+9 and still yellow! Sunny day for Quintus even though it's grey outside.
I just got back from the vet's, went to pick up some more testing strips, his convenia syringe, and anti-inflammatories. I bumped into my vet who asked for an update. He was really happy with the numbers, and told me I had "understood everything". I said I'd had help! Thanks everyone
Anyway, he said it was quite normal that Quintus is eating less if his body is starting to be able to use the glucose he's been swimming in to feed his starved cells. Regarding the food, he also said what I'd been thinking: that if I can't completely transition to DM because of runny poop, but that I manage to get his BG down, it doesn't really matter that much, does it? So I'll stick to the mix, which seems to be working well enough, and as he seems to be leaving more and more of the kibble from the mix on the table, maybe he'll manage to transition himself slowly enough to not step on my face in the middle of the night with a poopy hind paw. He also said that eating less and putting on weight was a really good sign! I have a 17-year-old diabetic cat and he's putting on weight, must be doing something right
He said not to worry about phosphorus, his levels pre-diabetes were really good, we can worry about that in a few months when we do a check-up.

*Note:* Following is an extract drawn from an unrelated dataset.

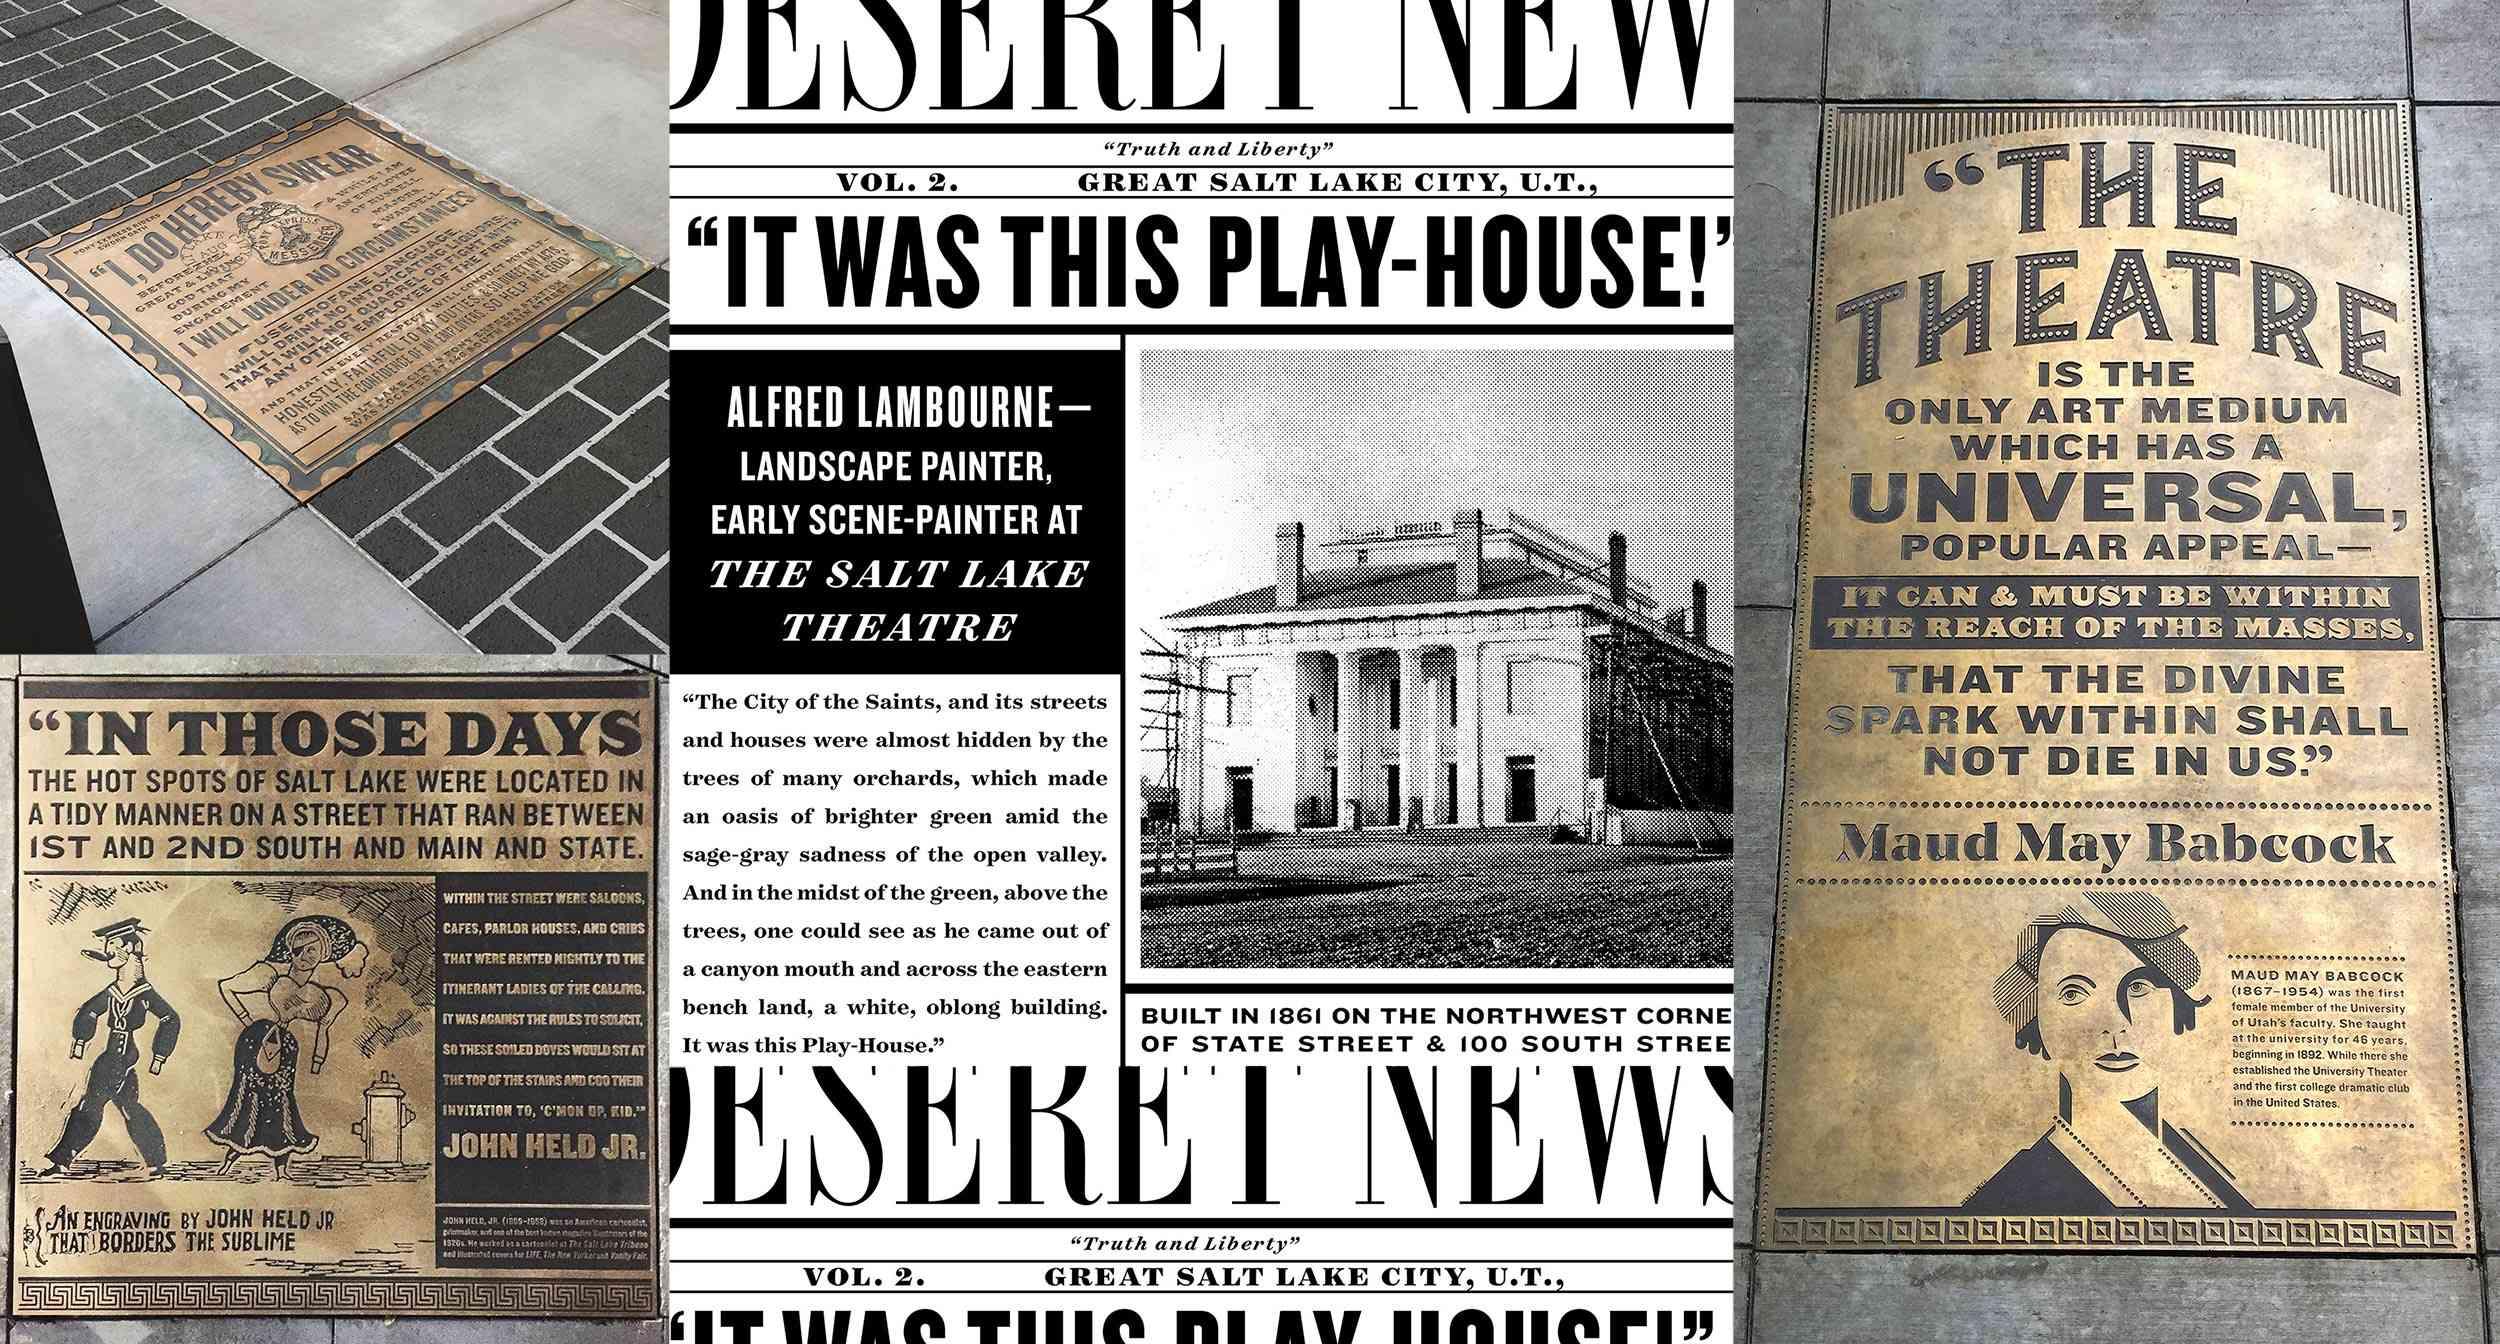 Regent Street Historical News Inserts on Sidewalk

My next mission is ordering strips online (they seem to have them on Amazon) and maybe trying to the freestyle Lite ones which
@JeffJ seems to be using. Note to US readers: not everything and everybody ships to Switzerland! And even when they do, shipping costs often make it cheaper to pay the full vet office price.
Other than that, I've been thinking a lot since Quintus's diagnosis about how involved/invested I am in my cat's well-being. These last weeks, almost all my interactions with him have been medical. When I'm not poking him or trying to feed him, I'm reading up here or elsewhere about diabetes. This is not unexpected. I have a bit of an obsessive personality when I discover "new" stuff, I dive deep into things and figure them out. I also like to take care of those who are unwell (good thing I didn't go into the medical profession) but if I am not careful this is all my relationships end up being about. I don't want that to happen with me and Quintus.
So, I'm keeping watch on myself. As I'm starting to feel more comfortable, and as Quintus's BG becomes prettier, I want to remember to enjoy my cat and the rest of my life, too. In a
blog post in French a week or so ago, I recalled that it is very easy for me to dive into intellectual pursuits (and wow, is feline diabetes a fascinating one) and caring about others so that I do not feel my anxiety, and more importantly, sadness. I do not want to spend what is left of my cat's life solely focused on medical issues.
This doesn't mean I'm backing off from anything I've been doing. I'm going to keep on taking care of him as well as possible. But I'm going to pay attention to what my attention is on, if that makes sense. I'm going to learn to know my cat enough that I can end up testing less and being less stressed. My objective is to be able to "forget" about FD, meaning, have it just be one of the various things that come with the old cat -- the blindness, the arthritis, the daily meds, changing the litter box, checking BG, giving insulin. I hope for remission. But I won't sacrifice the quality of my relationship with Quintus for it.
These are just my musings. Maybe you've had similar ones, or are in a very different place. I'm always happy to hear from you.